Первое время все было прекрасно — никогда еще я не чувствовала себя такой свободной. Это напомнило мне времена постоялого двора и принцесс, но с той лишь разницей, что здесь никто меня не разыскивал. Я садилась в трамвай и ехала куда вздумается, гуляла дни напролет, заносило меня то в Бэк-Бэй, то в Хаймаркет, в Арлингтон, в порт. В Кембридж я ходила пешком, вдоль реки, а потом через мост. Пока Сара была на уроках, я понемногу хозяйничала: мыла и убирала посуду, готовила что-нибудь на обед и на ужин. Сара меня ни о чем не просила, но я ведь жила у нее, и для меня это было естественно, как раньше у Беатрисы. Вот только денег Сара мне не давала, ни она, ни Юп. Они никогда не спрашивали, сколько я потратила на еду, а я стеснялась сказать. Но сбережения мои таяли, а без зеленой карты я не имела права работать. Каждый день я заглядывала в почтовый ящик, надеясь увидеть наконец письмо со штемпелем иммиграционной службы. И с каждым днем мне становилось все тревожнее, я чувствовала, как петля потихоньку затягивается, а сделать ничего не могла.
Сара и Юп жили одним днем. Никогда и гроша впрок не откладывали. За квартиру платила Сара своей учительской зарплатой, а на все остальное — вечеринки с друзьями, рестораны, шмотки — уходили деньги за выступления. Думаю, они еще и ширялись оба. Иногда они приглашали меня. Водили в клуб «С. Т. Уэйо» в Бэк-Бэй — Юп говорил «Блэк-Бэй», потому что только там можно было послушать настоящий негритянский джаз.
Сара любила показывать меня своим друзьям. На выход она одевала меня «под себя»: черные колготки, черная рубашка, берет — и заплетала мне волосы в косички, как когда-то принцессы на постоялом дворе. Она гордилась мной, все твердила, что я ни на кого не похожа, что я настоящая африканка. Так и представляла меня: это Марима, она из Африки. Люди говорили «а?» или «о!» и задавали дурацкие вопросы типа: «И на каком же языке там разговаривают?» А я отвечала: «Там? Да там вообще не разговаривают». Поначалу я подыгрывала Саре, но со временем все это меня просто достало — и эти вопросы, и взгляды, и их полная темнота. Музыка в баре играла чересчур громко, так и долбала, и ее тяжелый ритм отдавался у меня в животе — как я ни зажимала рукой здоровое ухо, басы проникали в тело до нутра, причиняя боль. Я пила пиво, «Маргариту» и «Кубу либре», пропитываясь светом и дымом. Я была пьяна, как Хурия, когда она возвращалась с ночных гулянок.
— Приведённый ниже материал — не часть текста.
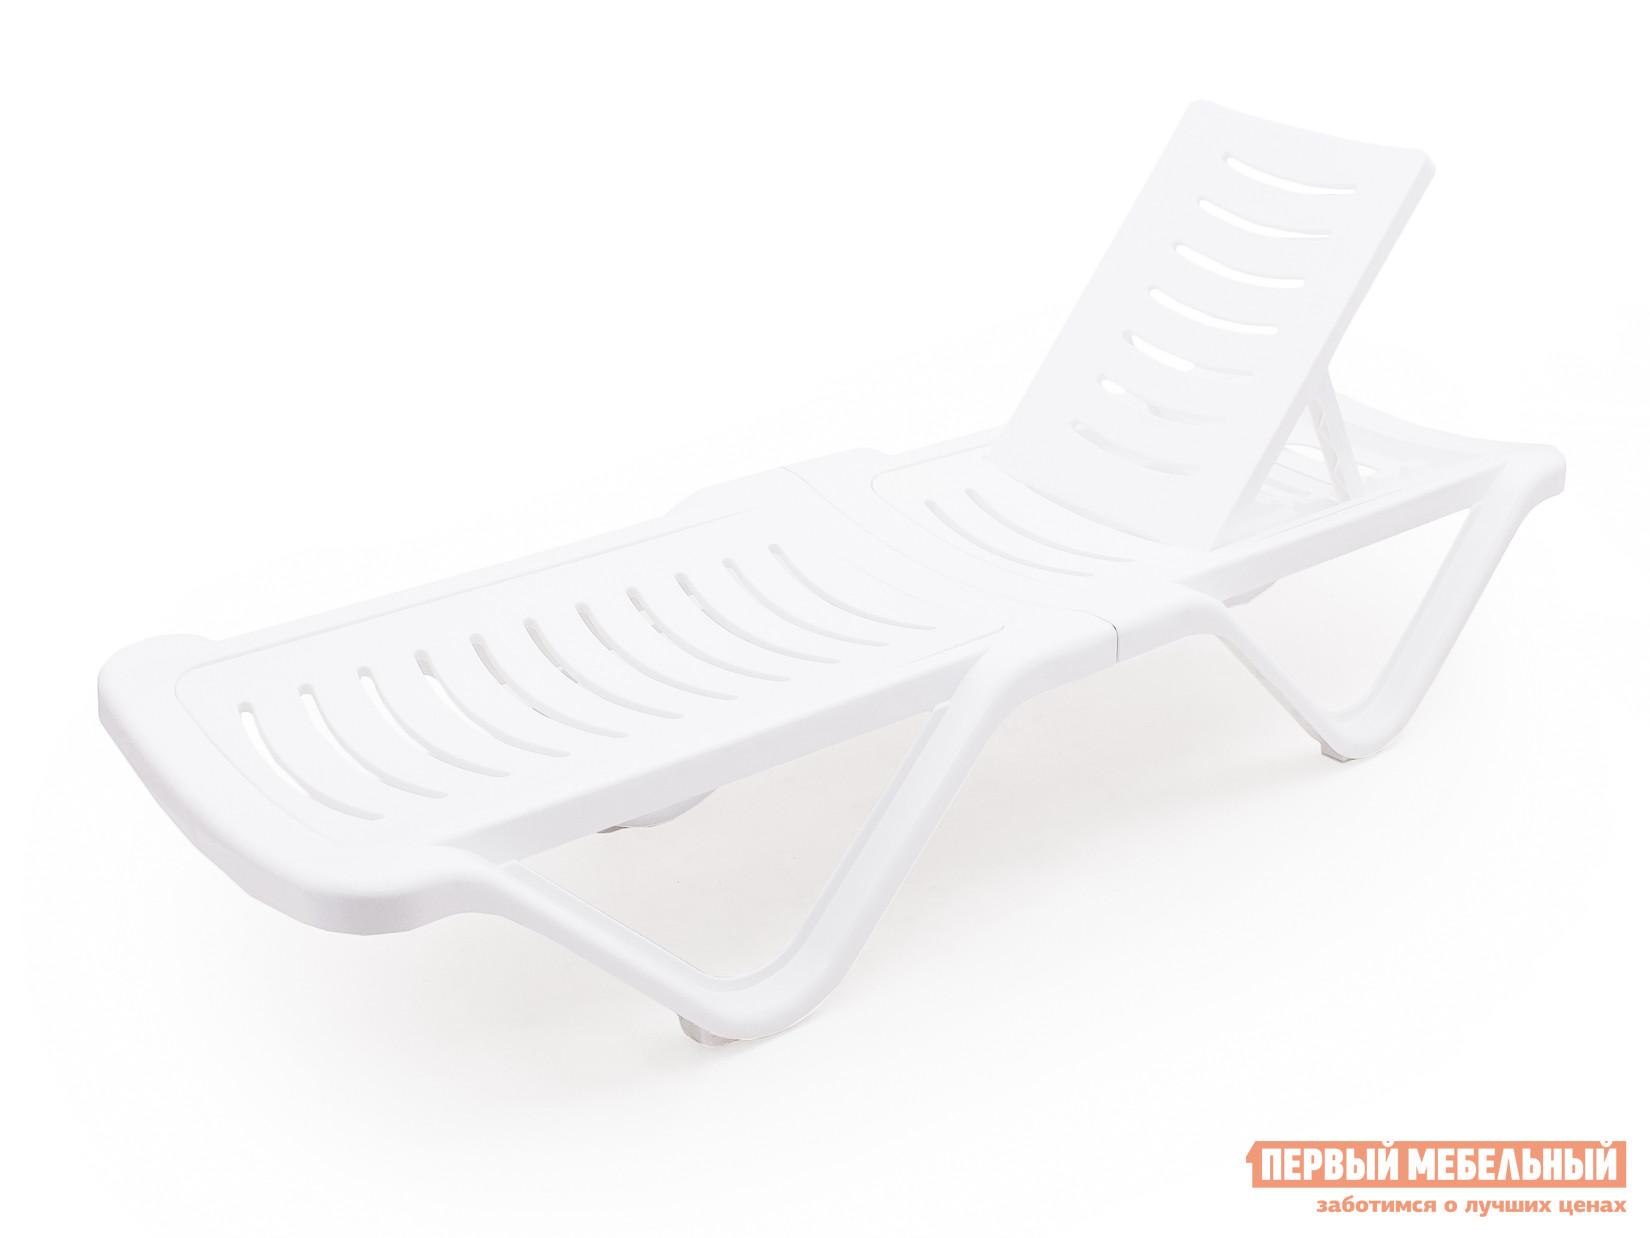 Шезлонг АТР Шезлонг (1920х620х320) белый БелыйЛежаки и шезлонги<br>Габаритные размеры ВхШхГ 320x620x1920 мм. Пляжный лежак Гренис АТР популярного белого цвета.  Спинка имеет четыре уровня: от полностью лежачего до практически вертикального.  Приятная гладкая поверхность пластика дает возможность расположиться на лежаке и без вспомогательных аксессуаров (покрывал, матрасов и т. д. ), но лучше использовать специальные матрасы, с ними уровень комфорта сильно повышается. Такие лежаки также могут быть полезны и в отелях, санаториях и на курортах.  Их удобно хранить, сложив друг на друга, таким образом экономится место.  Важным преимуществом этого шезлонга является наличие колесиков во всех опорах.  Вы сможете взять шезлонг с любой стороны и легко покатить за собой по ровной поверхности.  Пластиковые накладки на опорах обеспечивают устойчивость даже на ровном полу, а также защищают пол от царапин. Изделие рассчитано на одного человека и может выдержать нагрузку весом до 120 кг.  Модель поставляется в собранном виде и имеет литой каркас.  Невзирая на то, что данный лежак не складывается, его легко переносить ввиду малого веса.  В упаковке лежак весит 10,95 кг.  Высота составляет 320 мм, ширина – 620 мм, глубина – 1920 мм.  На данный аксессуар предоставляется гарантия в 1 год, но при аккуратном отношении им можно пользоваться намного дольше.  При всех достоинствах этой модели стоимость ее доступна широкому кругу покупателей.<br><br>Цвет: Белый<br>Высота мм: 320<br>Ширина мм: 620<br>Глубина мм: 1920<br>Кол-во упаковок: 1<br>Форма поставки: В собранном виде<br>Срок гарантии: 1 год<br>Тип: На колесах<br>Назначение: Для бассейна<br>Назначение: Для дачи<br>Назначение: Пляжные<br>Материал: Пластик<br>Размер: Одноместные

Мне это нравилось, а может, и нет. Это было внове, я чувствовала себя так, будто мое тело подменили. Я стала тоненькой, почти тощей, глаза лихорадочно блестели, я ощущала электричество в пальцах, и даже кончики волос, казалось, потрескивали от электрических разрядов. Я чувствовала, как алкоголь пропитывает мои суставы и они становятся гибче. Я порхала от группы к группе, а Юп держал меня за талию. Он что-то говорил, громко, быстро, я ничего не понимала. А Сара смеялась странным таким смехом, он начинался на низких нотах и становился все пронзительнее, рассыпаясь, точно брызги водопада.
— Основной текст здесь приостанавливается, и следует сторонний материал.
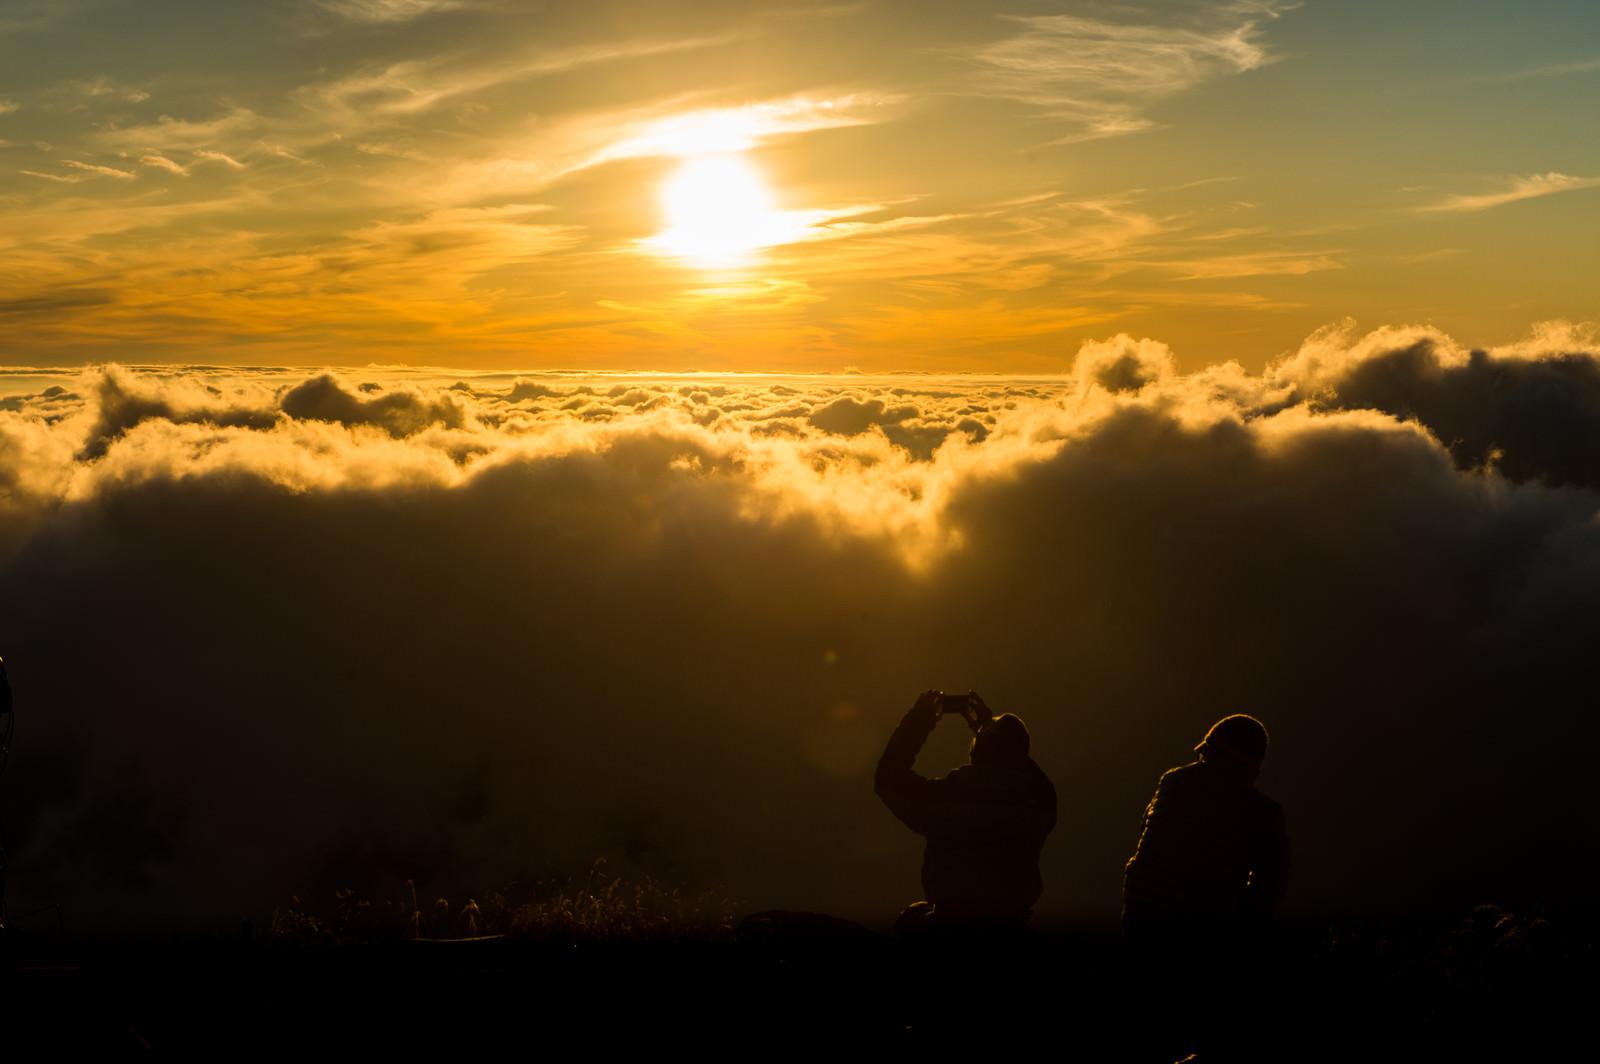 「夕暮れの雲海の絶景に感動するカップル」の写真

Саре Либкап нравилось рассказывать про меня, про то, как мы познакомились в отеле не то «Эксцельсиор», не то «Конкорд», забыла, где нагая женщина в щели между двух стен, точно после землетрясения. И как я сидела каждый вечер на краешке эстрады, серьезная такая девчушка, и слушала, как она поет песни Махалии Джексон и Нины Саймон. Она была моей старшей сестрой, я нашлась, я, не имевшая ни одной родной души на свете, я, умевшая играть на дарбуке и петь — она и-зу-ми-тель-на! — и Сара выписала меня к себе в Бостон, сюда, в это болото, в этот город, где заправляют английские мудаки и где никому, тем более человеку талантливому, что ни делай, никогда не выбраться из трясины, в которой надо как-то жить.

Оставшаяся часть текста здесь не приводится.